For example, an "injection mold for a micro motor skeleton" disclosed in chinese patent literature, the publication number CN107244044a includes a mold main body, an upper mold blank and a lower mold blank are disposed in the mold main body, an upper mold core is disposed in the upper mold blank, a lower mold core is disposed in the lower mold blank, a plurality of through grooves are disposed in the upper mold core, an upper insert is disposed in the through grooves, a first groove is disposed in the upper insert, an elastic member is disposed in the first groove, the elastic member is abutted against the upper mold core, a first limit groove is disposed in the through grooves, a first limit block is disposed in the upper insert in a protruding manner, the first limit block is disposed in the first limit groove, and a movement allowance suitable for movement of the first limit block is disposed in the first limit groove; the lower die core is internally provided with a second groove, a lower insert is arranged in the second groove, a die cavity is formed after the upper die core and the lower die core are folded, the lower die core is provided with a plurality of through holes, and a push rod of the die main body penetrates through the through holes and stretches into the die cavity. The injection mold cannot be used for injection molding of a motor framework with a complex structure, wherein the motor framework is used as an insert, and the problems that the thickness of the insert of the silicon steel sheet is unstable, and the insulation paper is softer and the thickness is unstable can not be solved.

Disclosure of Invention

The invention provides an insert injection mold for a motor framework, which aims to solve the problems that an injection mold in the prior art cannot be used for injection molding of a silicon steel sheet adhered with insulating paper as a motor framework of an insert, the thickness of the silicon steel sheet insert is unstable, the insulating paper is softer, the thickness of the insulating paper is unstable and the like, and the mold can be automatically adapted to the insert with the unstable thickness for injection molding.
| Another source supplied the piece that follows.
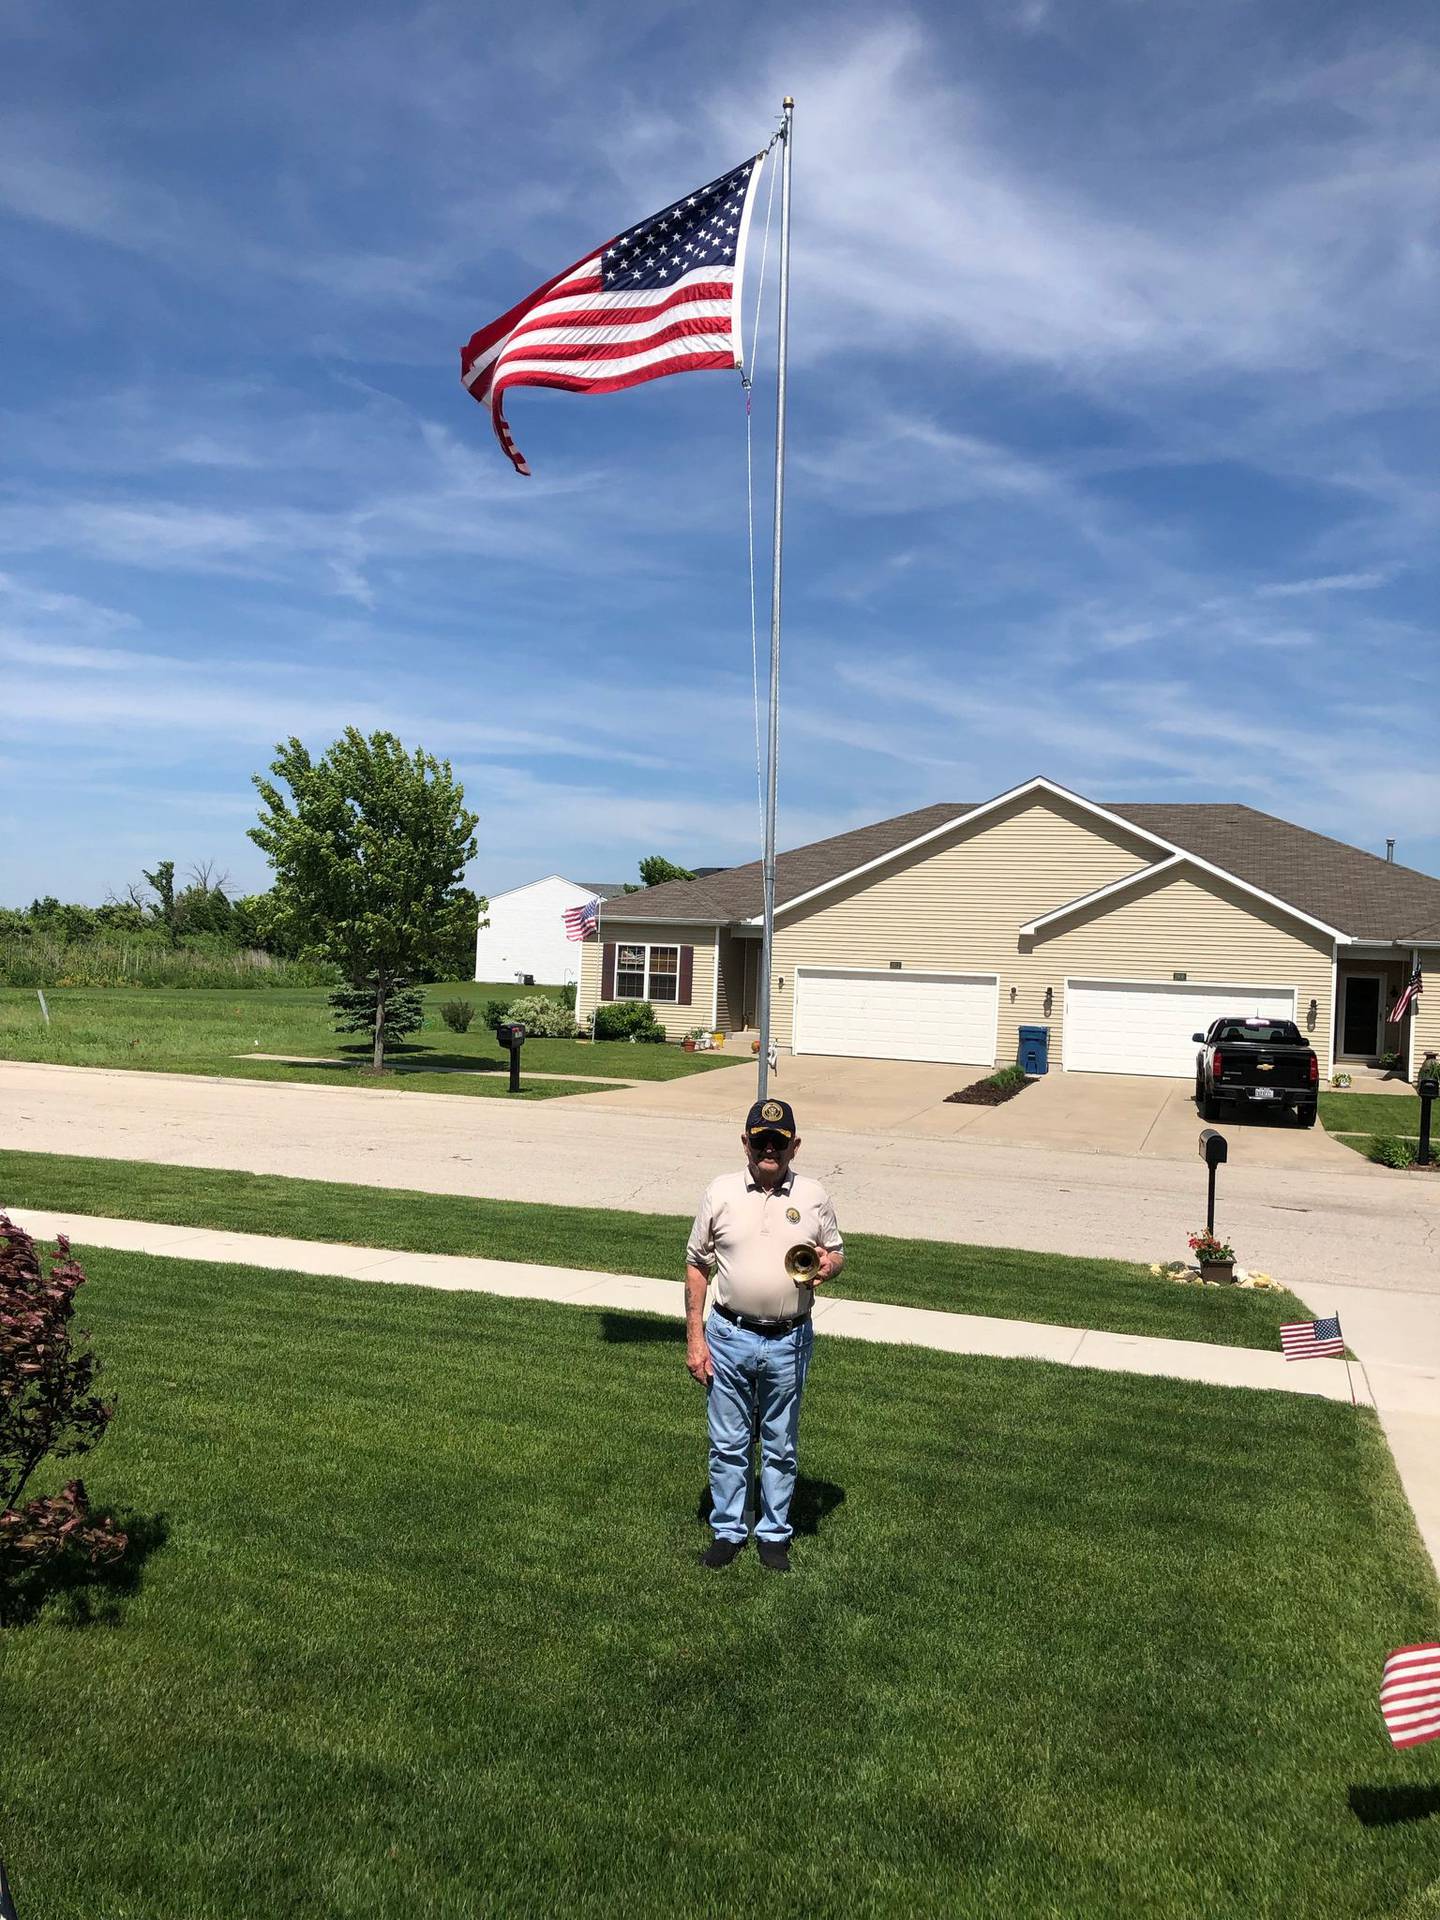 James McElroy of Morris is a proud Navy veteran. He flies a U.S. flag year-round and plays taps on Memorial Day as part of Taps Across America.
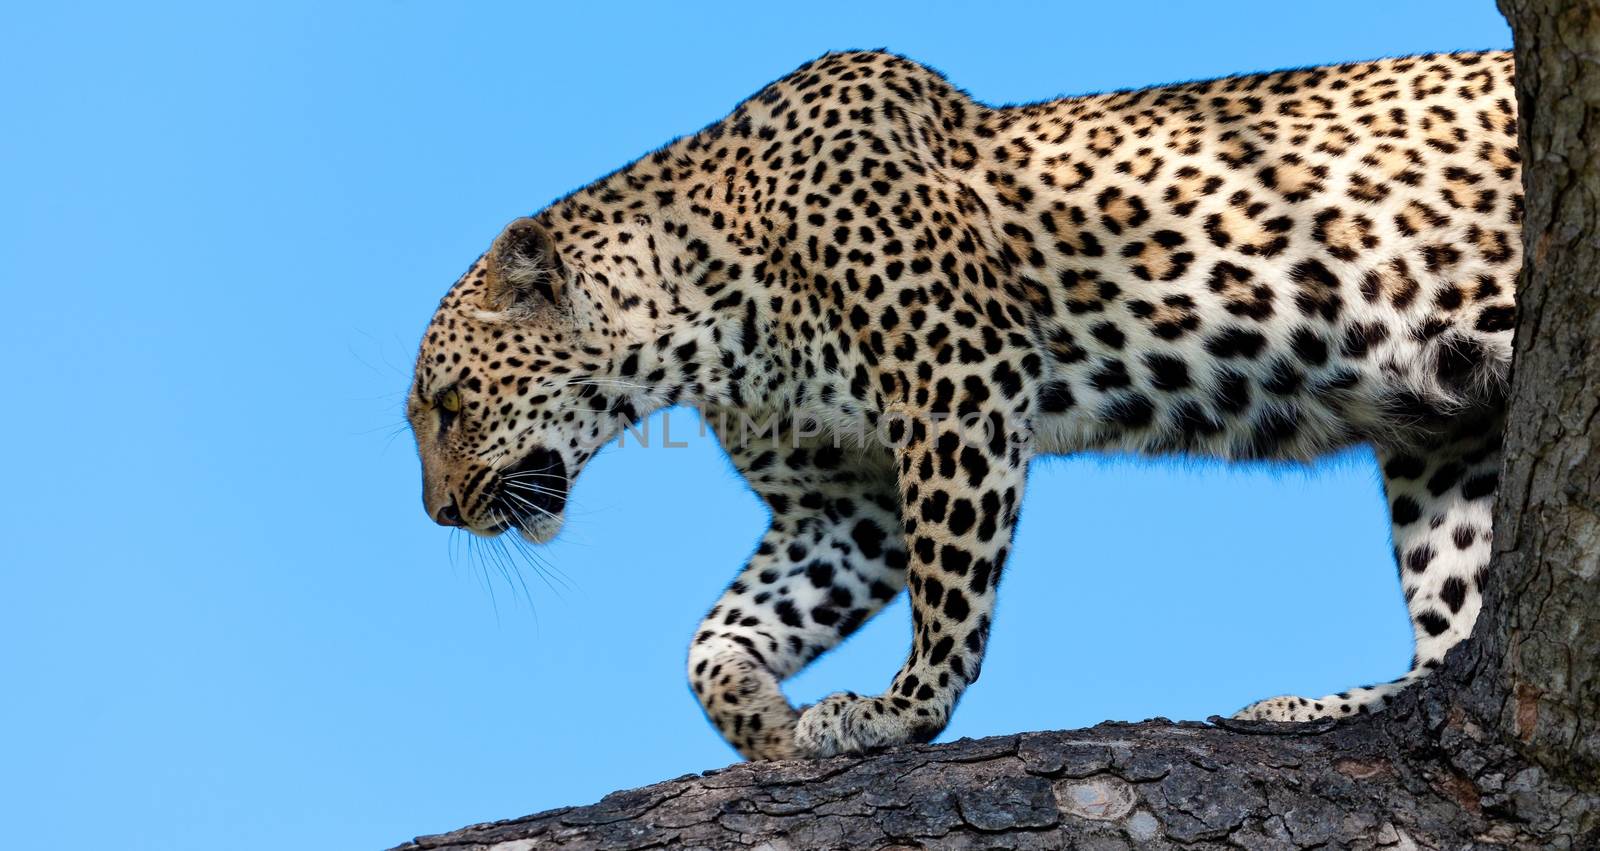 leopard in National Park in Tanzania by moizhusein

In order to achieve the above purpose, the present invention adopts the following technical scheme:

the motor skeleton insert injection mold comprises a front mold, a rear mold and a compressing device, wherein the compressing device comprises a front oblique jacking block, a rear oblique jacking block, a left oblique jacking block, a right oblique jacking block and a front mold elastic block, the front mold elastic block is fixedly arranged at the upper end of the front oblique jacking block, a pressing block for compressing an insert is connected in the front mold elastic block, the front, rear, left and right oblique jacking blocks are respectively arranged at the front, rear, left and right positions of the insert and used for compressing the insert, the front, rear, left and right oblique jacking blocks are all connected in the rear mold in a sliding manner, grooves matched with the front mold elastic block are formed in the positions, corresponding to the front mold elastic block, of the front mold and the rear mold are provided with glue positions; when the mold is closed, the front mold elastic block is positioned in the front mold, the front mold is tightly attached to the rear mold, and the front, rear, left and right inclined ejector blocks are tightly attached to the inserts; when the mold is opened, the front, back, left and right inclined ejector blocks extend out of the back mold, and the front, back, left and right inclined ejector blocks are automatically separated from the insert.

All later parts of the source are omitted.